Thursday 28 June 2012

The Origin of the Word Quaternions



The following includes most of a note in the Analyst regarding Hamilton's meaning for the name Quaternions. It includes a poem it appears he wrote, which I had never seen.
Hope it is enjoyable to others.


ORIGIN OF THE NAME "QUATERNIONS".
BY PROF. W. W. JOHNSON, ANNAPOLIS, MD.

clipped from article:

It appears from the Preface to the "Lectures" (see page 47), that the four units are the heterogeneous quantities 1, i, j and k, of which the first is the real or scalar unit, and the others correspond to three
mutually rectangular directions in space. Hamilton had in fact found that expressing directed lines in the triplex form ix +jy + kz, x, y and z being real coefficients, he was able to interpret their product as of the form w+ix+jy+kz, a quadruplex quantity, viz.?the sum of a number and line, the latter being perpendicular to the plane of the factor lines.
It seems to have been a favorite conception of Hamilton's to refer the real quantities of simple Algebra to the uni-dimensional quantity time, as in his Essay on Algebra as the Science of Pure Time; thus in the combination of line and number to which his investigations led him, he saw united the one of time and the three of space, as expressed in the sonnet below, which was published after his death in an Article upon the life and genius of Hamilton, in the North British Review.

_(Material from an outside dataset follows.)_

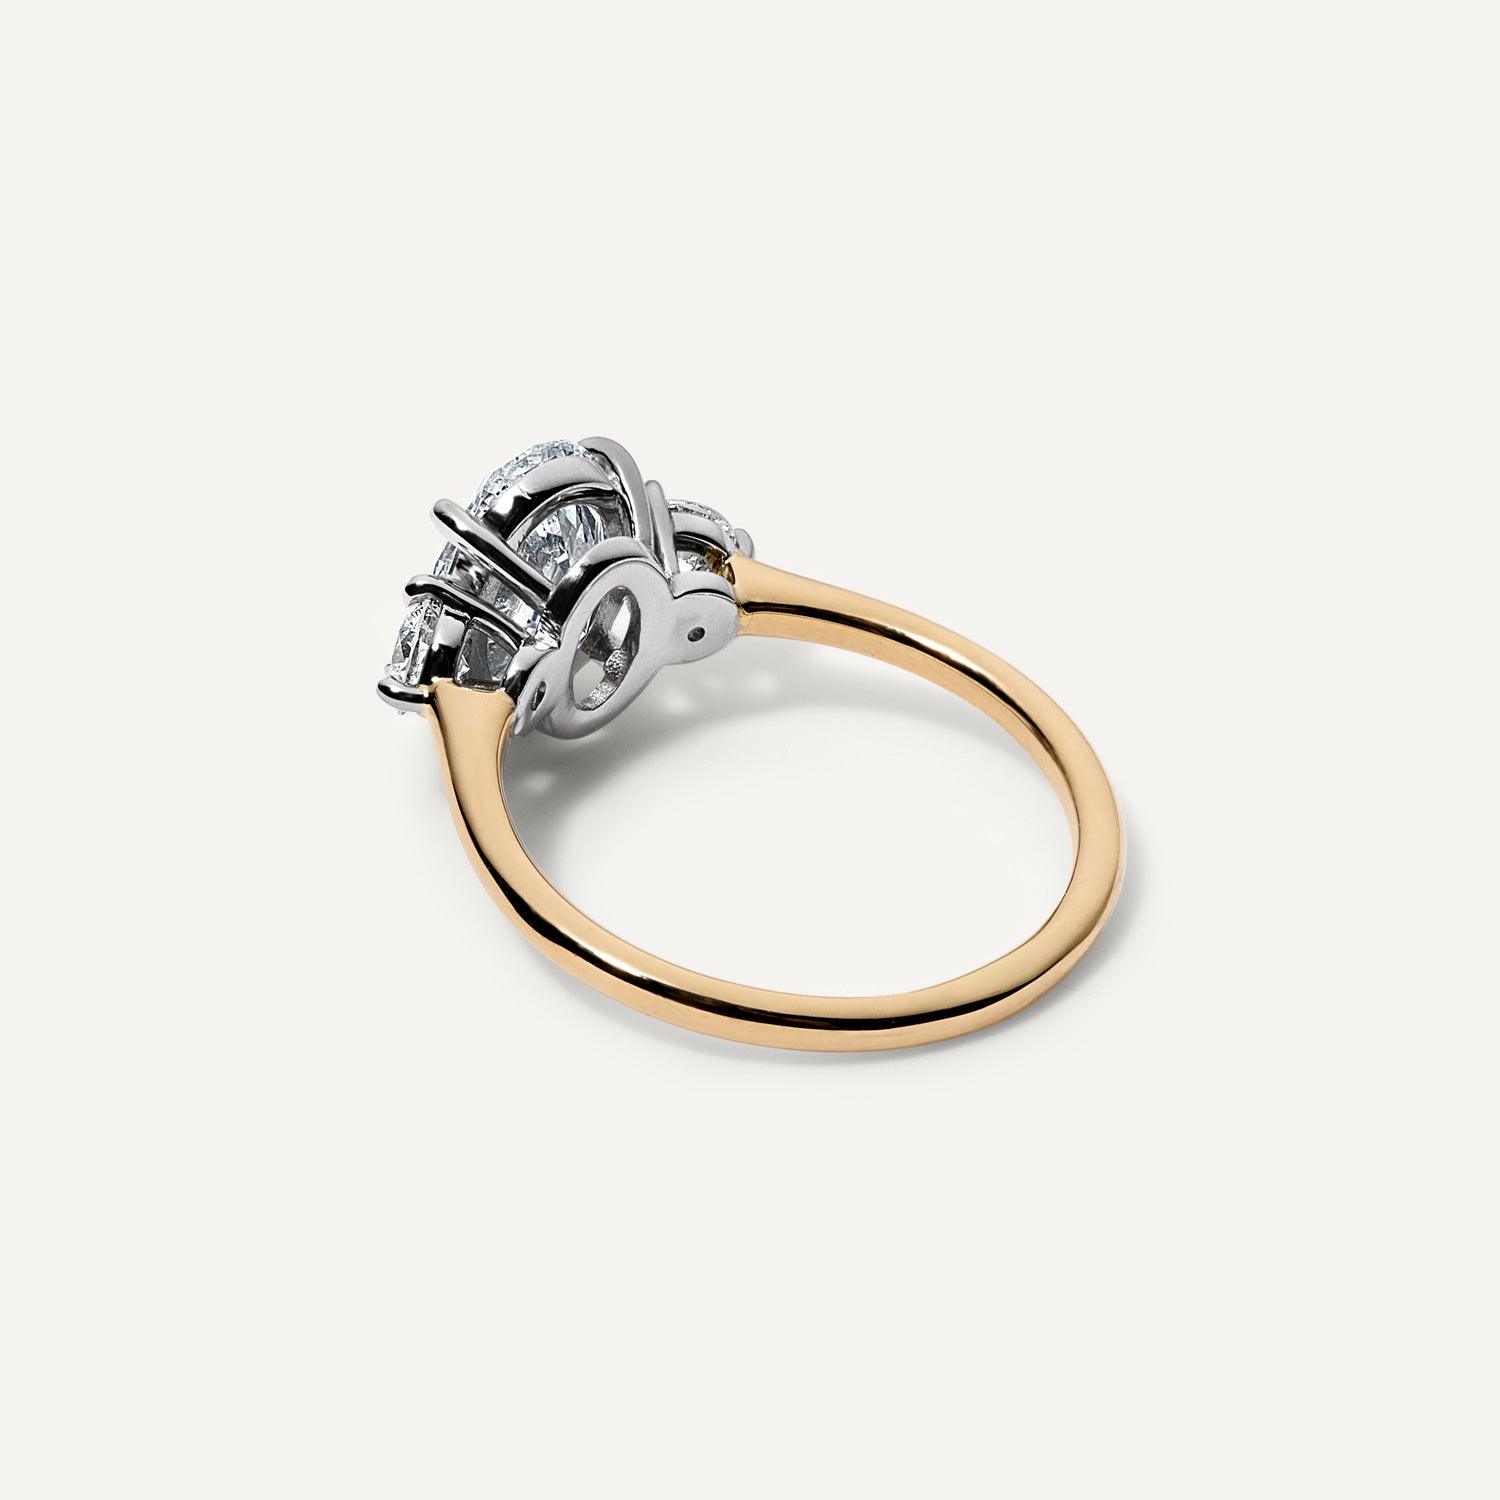 Three stone oval lab diamond engagement ring.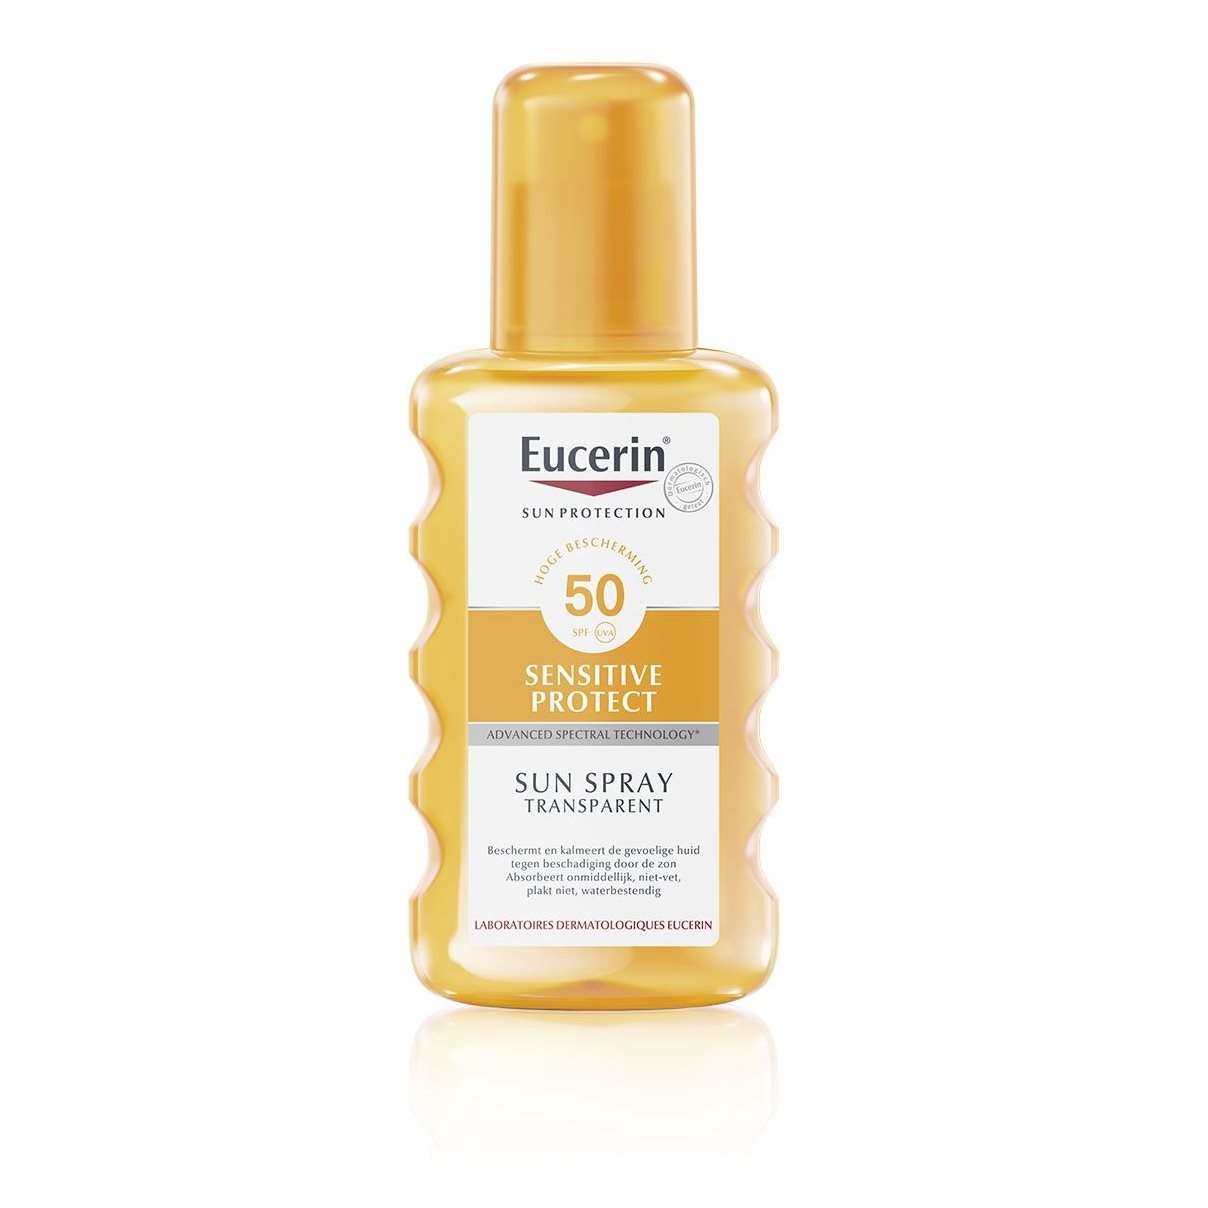 Eucerin Sensitive Protect Sun Spray Transparent SPF 50

Sonnet by the Inventor of Quaternions.
(Supposed to have been addressed to Sir John Herschel.)

The Tetractys,
Or high Matheis, with her charm severe
Of line and number, was our theme; and we
Sought to behold her unborn progeny,
And thrones reserved in Truth's celestial sphere:
While views, before attained, became more clear;
And how the One of Time, of Space the Three,
Might, in the chain of Symbol, girdled be:
And when my eager and reverted ear
Caught some faint echoes of an ancient strain,
Some shadowy outlines of old thoughts sublime,
Gently he smiled to see, revived again,
In later age, and occidental clime,
A dimly traced Pythagorean lore,
A westward floating, mystic dream of four.


From "The Analyst Vol. 7, No. 2, Mar., 1880

Thony Christie sent the following comment shortly after I posted this :
William Wordsworth who was a good friend of Hamilton's when asked for his opinion on H's poetry told him he should stick to mathematics.

1 comment:

Anonymous said...

William Wordsworth who was a good friend of Hamilton's when asked for his opinion on H's poetry told him he should stick to mathematics.